Royal, Chevènement, le baiser qui tue !

par Laurent Watrin
mardi 12 décembre 2006

Jean-Pierre Chevènement vient de se rallier à Ségolène Royal. Sous couvert de rassemblement, ce soutien du président d’honneur du Mouvement républicain et citoyen risque de plomber la campagne de la candidate du PS. C’est peut-être tant mieux pour la sociale-démocratie !


Comment concilier honnêtement les positions nationalistes de Jean-Pïerre Chevènement et l’ouverture prétendument réformiste affichée par Ségolène Royal ? La question mérite qu’on s’y arrête un instant.

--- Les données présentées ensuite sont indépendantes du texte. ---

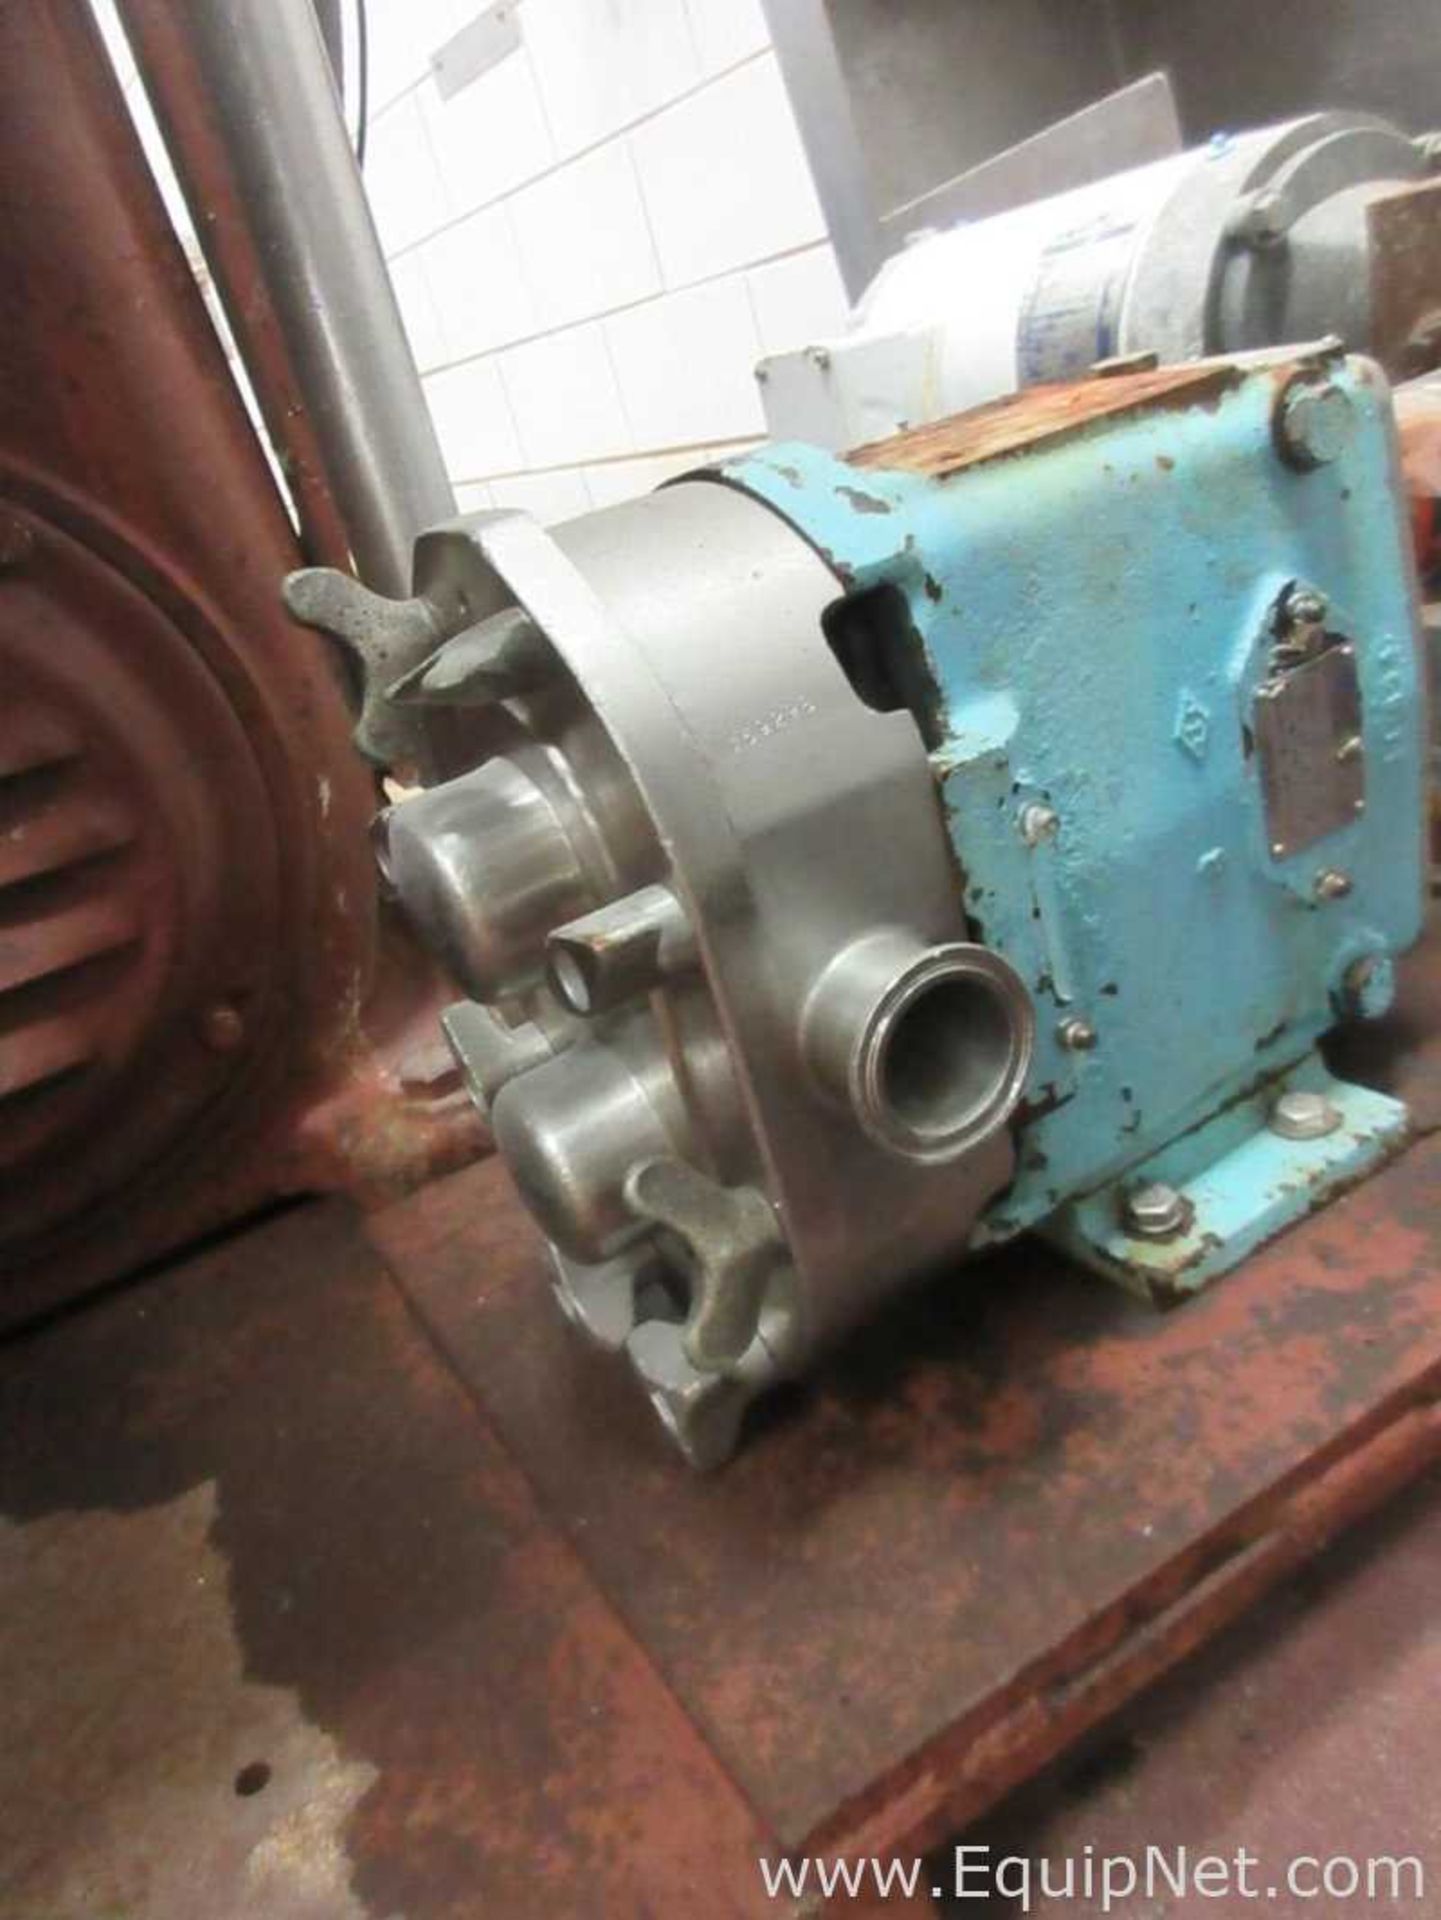 Whipper And Waukesha Positive Displacement Pump - Image 7 of 12
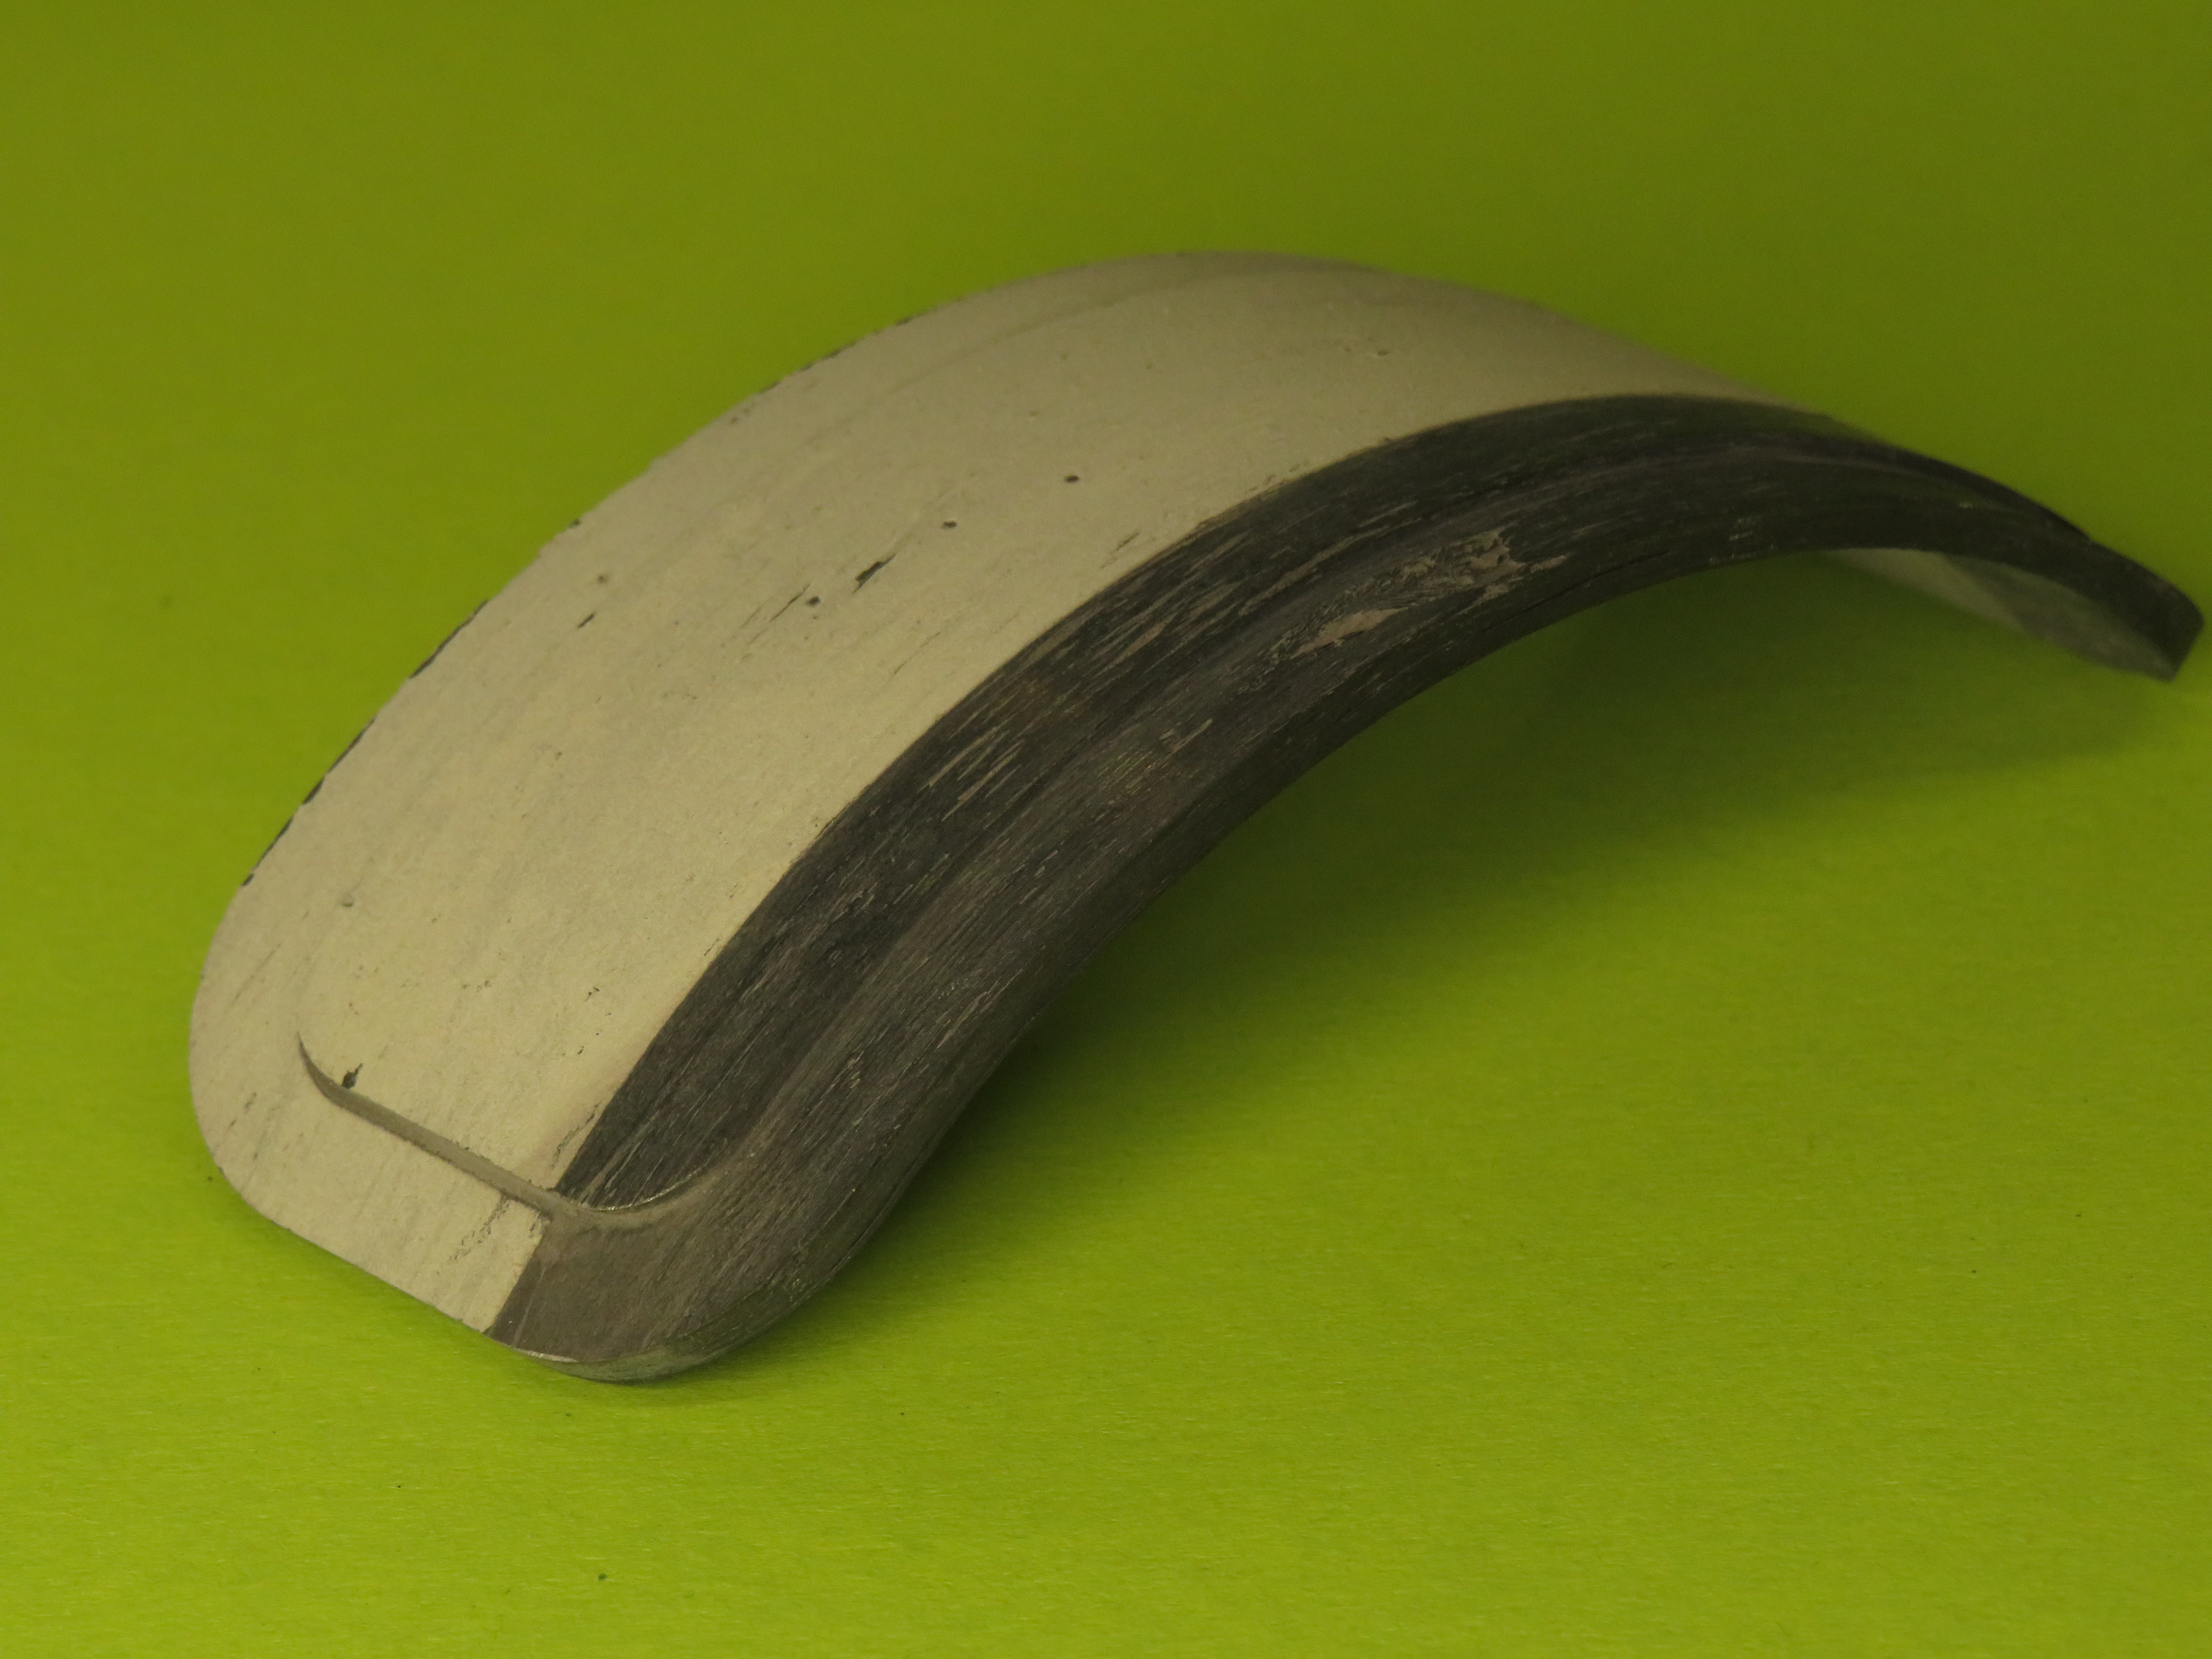 SiC/SiC component as curved tile with EBC coating.

Une contradiction saute aux yeux entre les deux personnalités socialistes. La présidente de la région Poitou-Charente ne cesse d’affirmer, partout où elle passe, que notre pays doit connaître une nouvelle étape dans sa décentralisation. On peut "débloquer la France à partir du dynamisme des territoires qui la composent", a dit Ségolène Royal, le 23 novembre dernier, devant 22 présidents de région socialistes rassemblés autour d’elle (voir le site du Nouvel observateur)

A cette occasion, la candidate socialiste a annoncé que si elle était élue chef de l’Etat, elle inaugurerait "un nouvel espace de transfert des responsabilités" de l’Etat central vers les collectivités locales. La chef de file du PS envisage même de "transférer la totalité des outils de politique de l’emploi" vers les régions ou bassins d’emploi. En clair, cela signifie que le gouvernement national n’aurait plus seul la maîtrise de l’initiative économique. Sur le site Internet du MRC, présidé par Jean-Pierre Chevènement, on lira la position inverse, et ce n’est pas une surprise. Pour l’ancien ministre, la politique de l’emploi est le domaine réservé de l’Etat central (le site du MRC).

En ce qui concerne l’Europe, le néant dans lequel plane Ségolène Royal laisse la porte ouverte au souverainisme forcené de Jean-Pierre Chevènement. Pourtant, à ce sujet, les adhérents du PS n’ont-ils pas désavoué Laurent Fabius lors du vote interne sur le candidat à la présidentielle ? Qu’importe ! L’accord politique Royal-Chevènement prévoit notamment une réorientation de la construction européenne, la réforme de la Banque centrale (sur quelles bases ?) et la lutte contre l’euro cher (comment ?)... Les partisans d’une gauche antilibérale seront-ils séduits ? Incohérence et mensonge apparaissent en tout cas comme les deux mamelles de la campagne « royaliste ».

Cette course au pouvoir surprême ne s’embarrasse ni de clarté ni de vérité. Elle méprise carrément les électeurs en se moquant de leur intelligence.

En fait, le ralliement de Chevènement n’est qu’une stratégie pour se refiler quelques places entre vieux amis. Là-dessus, il n’y a pas de doute, les deux parties qui ont conclu leur accord comme deux boutiquiers ont annoncé la couleur dans les médias : le MRC a obtenu dix circonscriptions pour les législatives et six suppléants. Le député-maire de Belfort espère ainsi conserver son siège, même s’il affirme : "Rien ne me forçait à me retirer, je le fais en pleine conscience pour ouvrir la voie à une dynamique dès le premier tour".

Conclusion : les partisans d’une sociale-démocratie moderne, qui se réclament d’une certaine gauche, ont du souci à se faire, s’ils parient sur la candidature Royal. Peut-être feraient-ils mieux de regarder du côté de... François Bayrou. Le président de l’UDF, lui, a au moins le mérite de la cohérence lorsqu’il parle de réforme pour la France et de projet pour l’Europe.